**Data provided:**
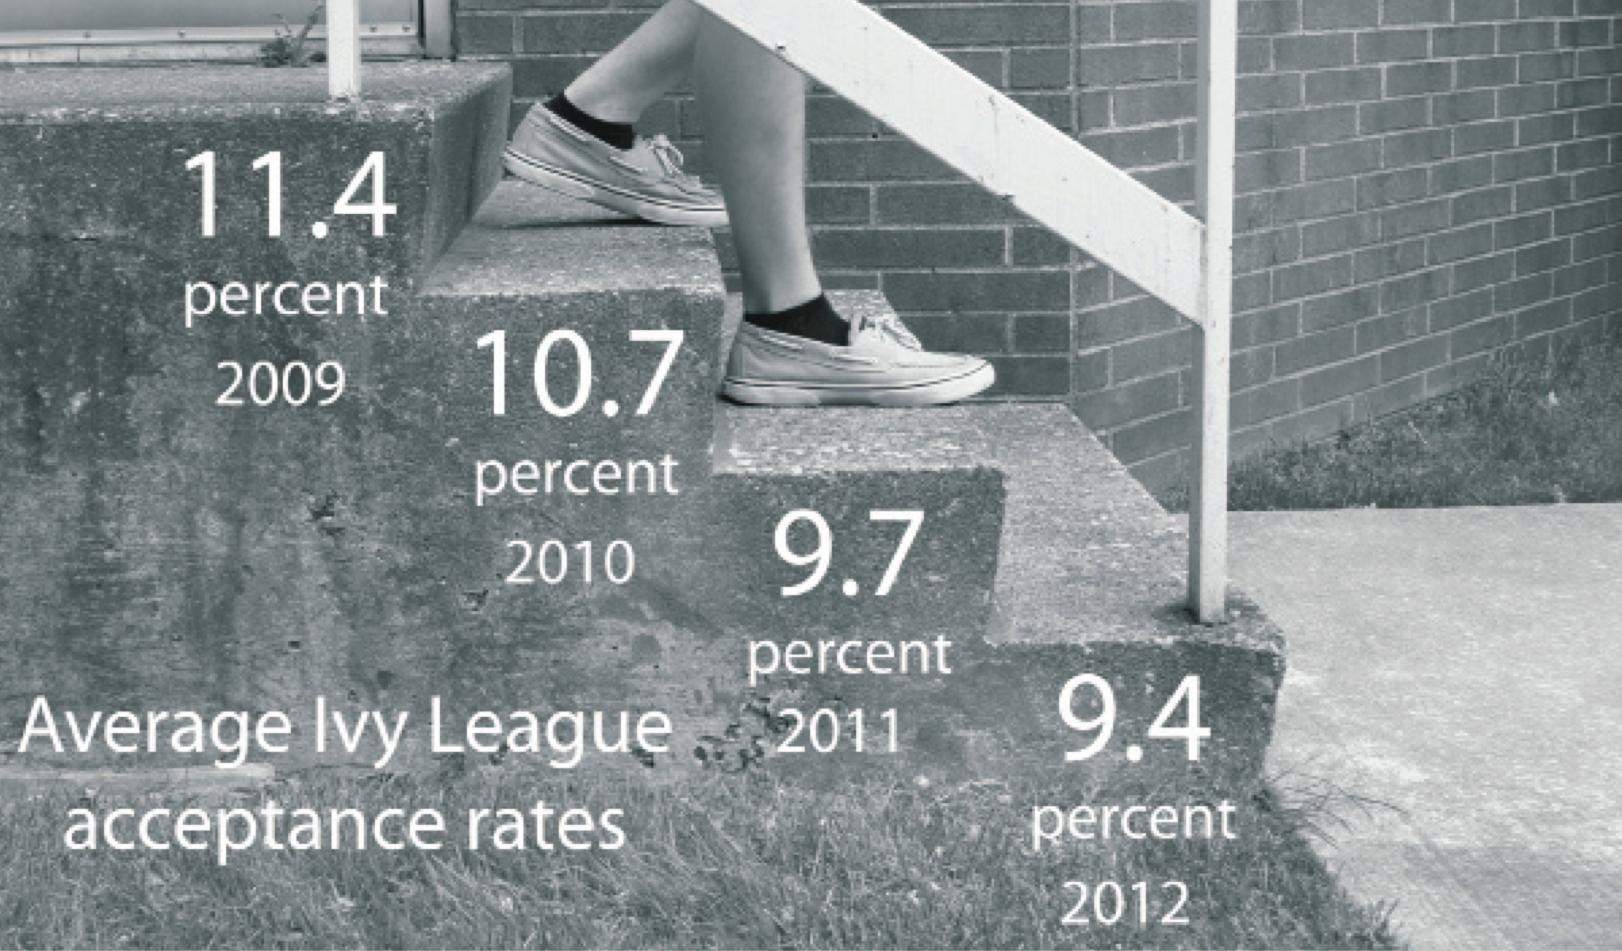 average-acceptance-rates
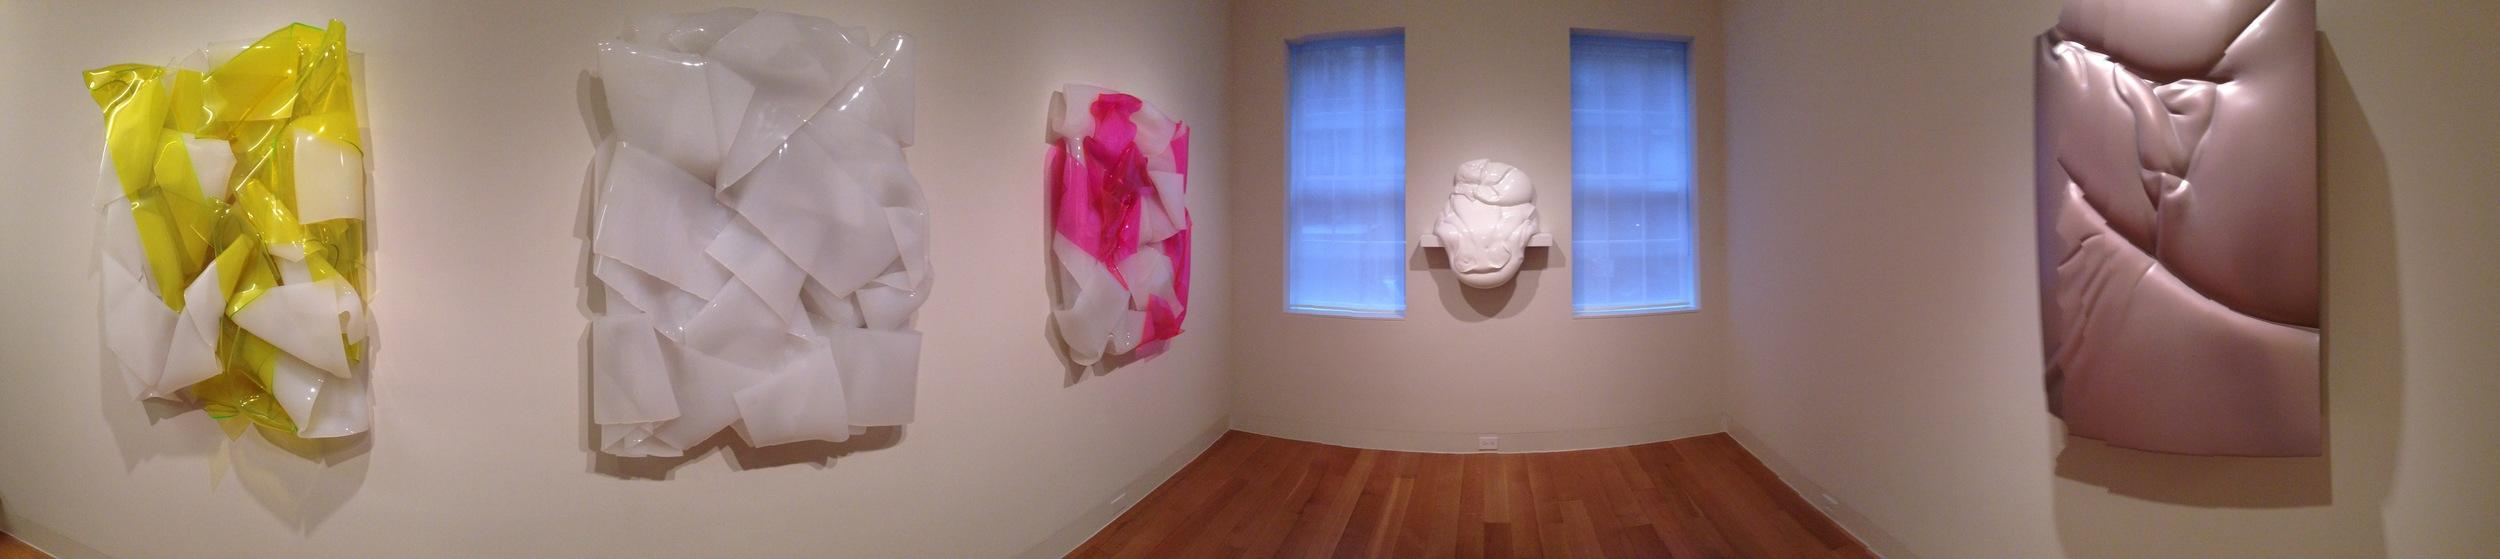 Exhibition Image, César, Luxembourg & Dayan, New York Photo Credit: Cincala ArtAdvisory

--

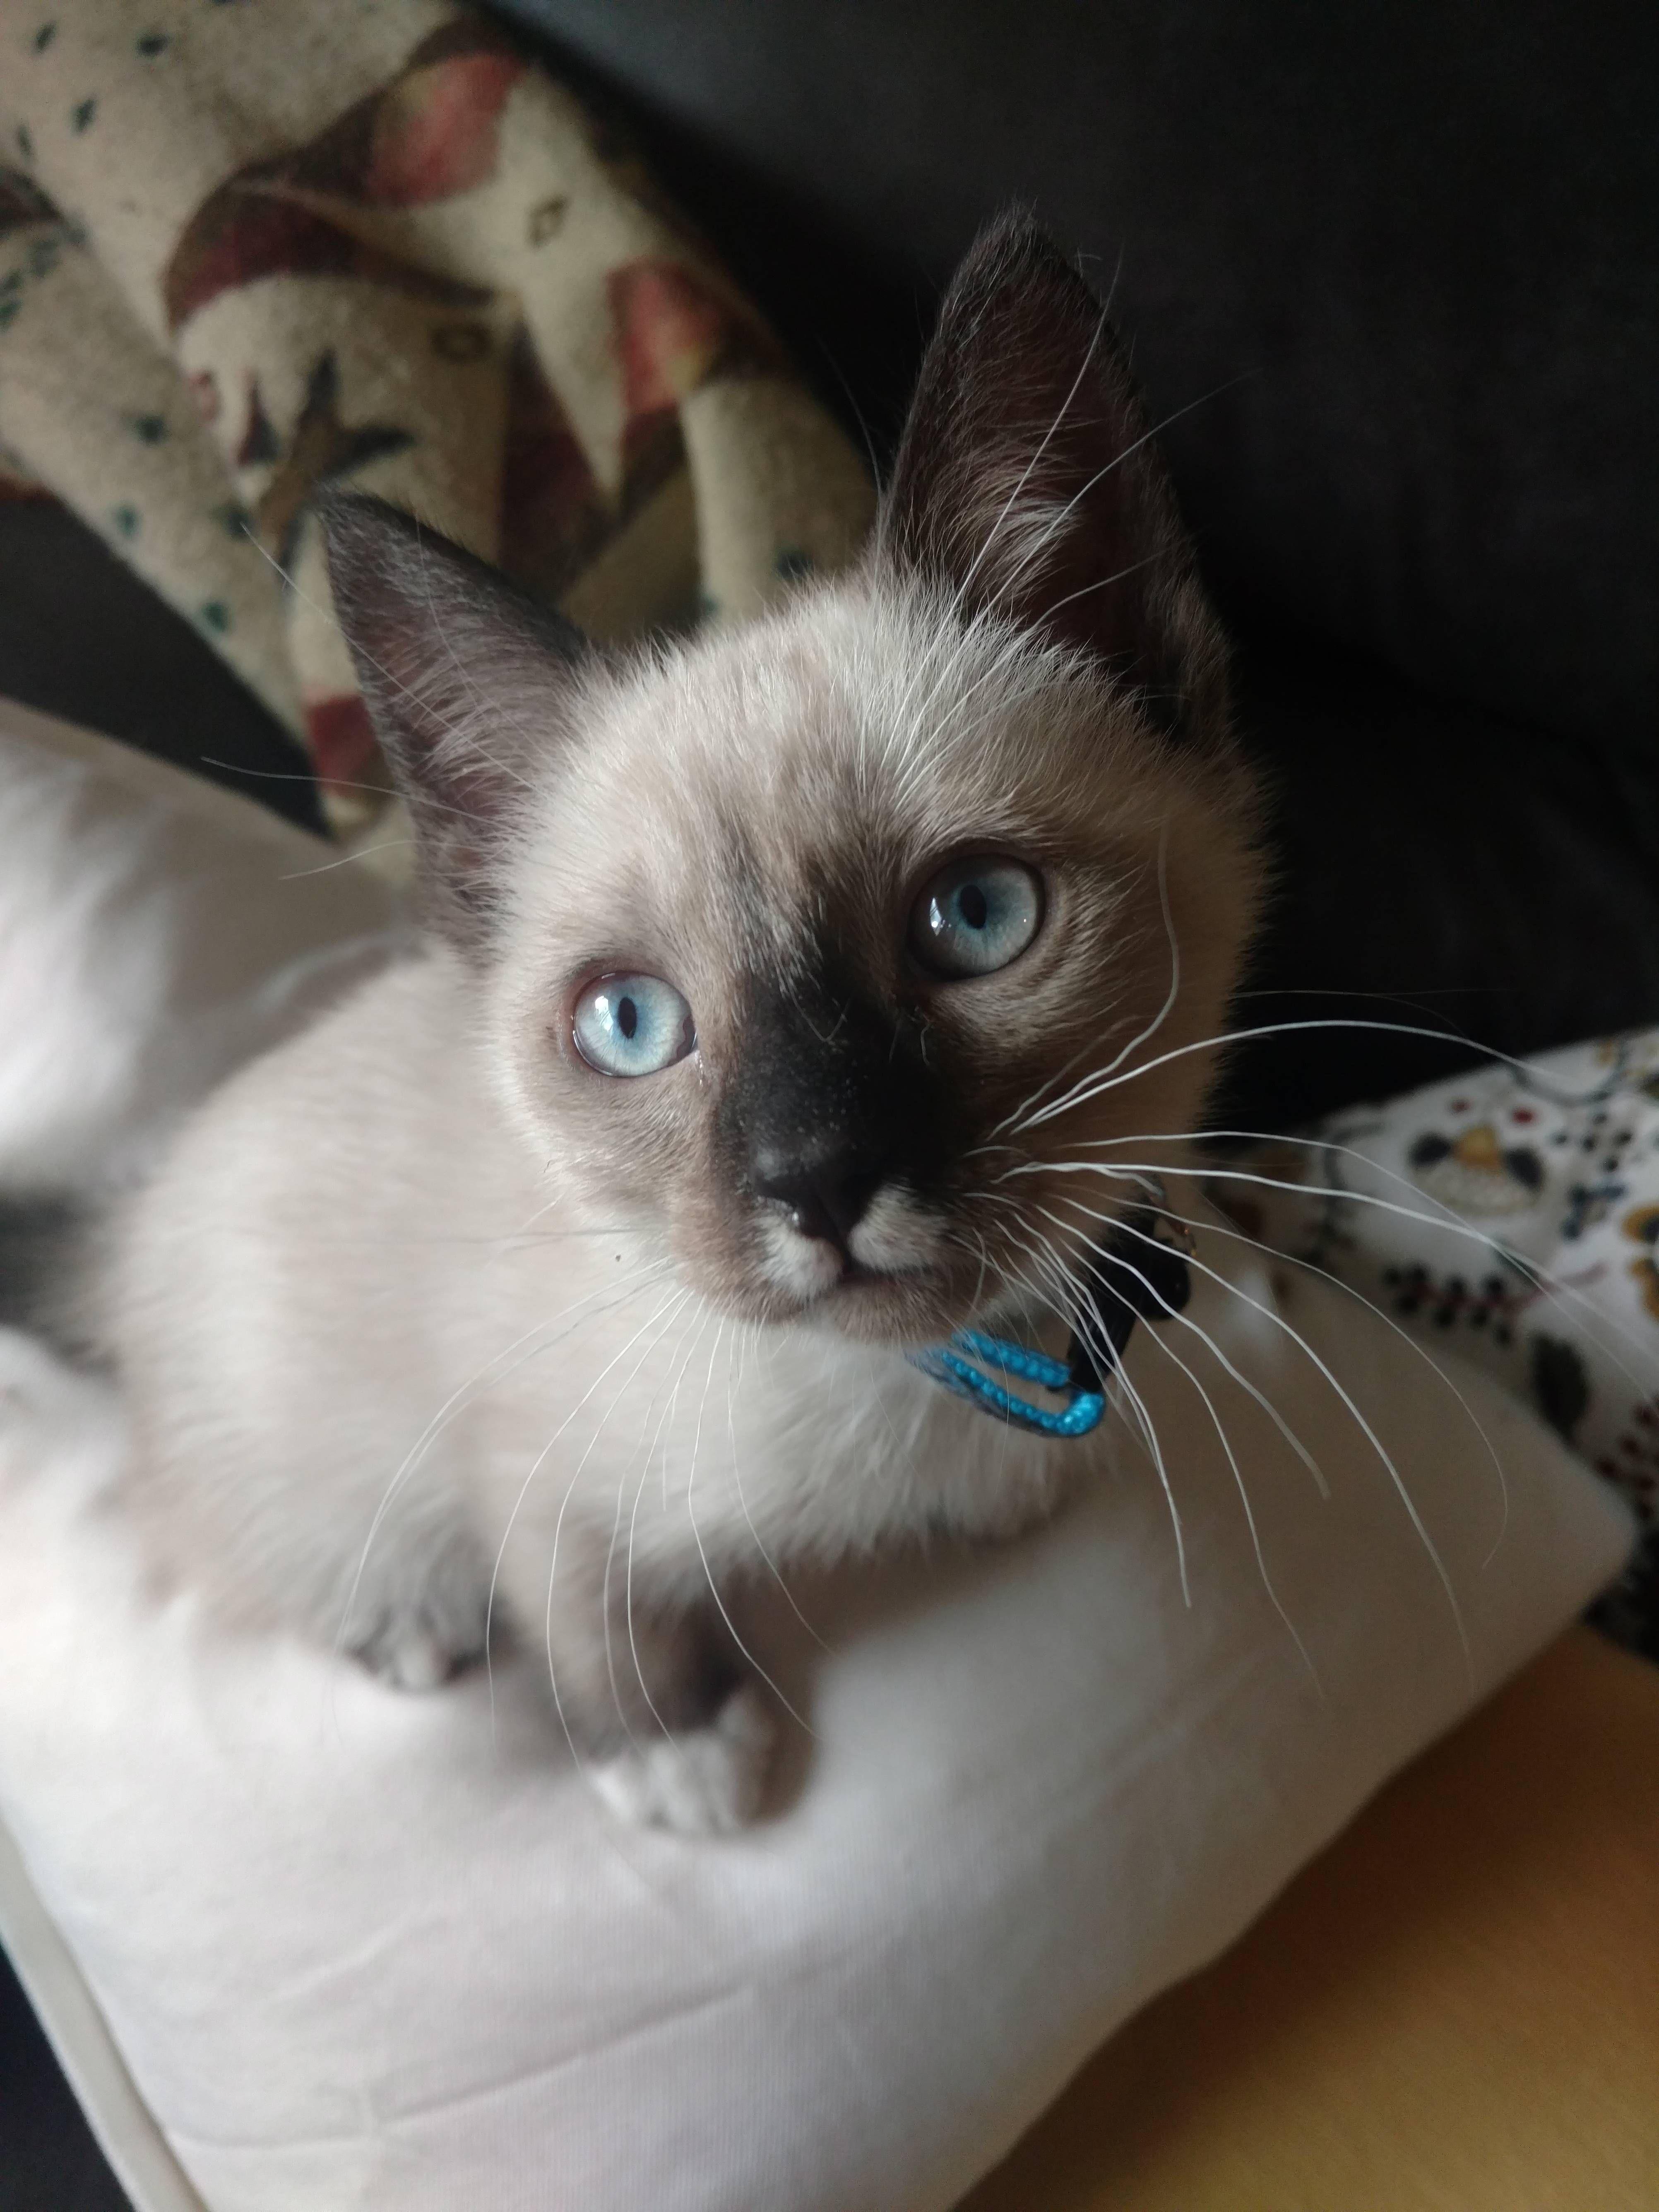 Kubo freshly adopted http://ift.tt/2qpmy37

**Assignment:**
Only the lines starting at the one that includes "average-acceptance-rates" and ending at the one that includes "Exhibition Image, César, Luxembourg" should be retyped, exactly, from the records above; no pictures.

**Response box:**
 average-acceptance-rates
 Exhibition Image, César, Luxembourg & Dayan, New York Photo Credit: Cincala ArtAdvisory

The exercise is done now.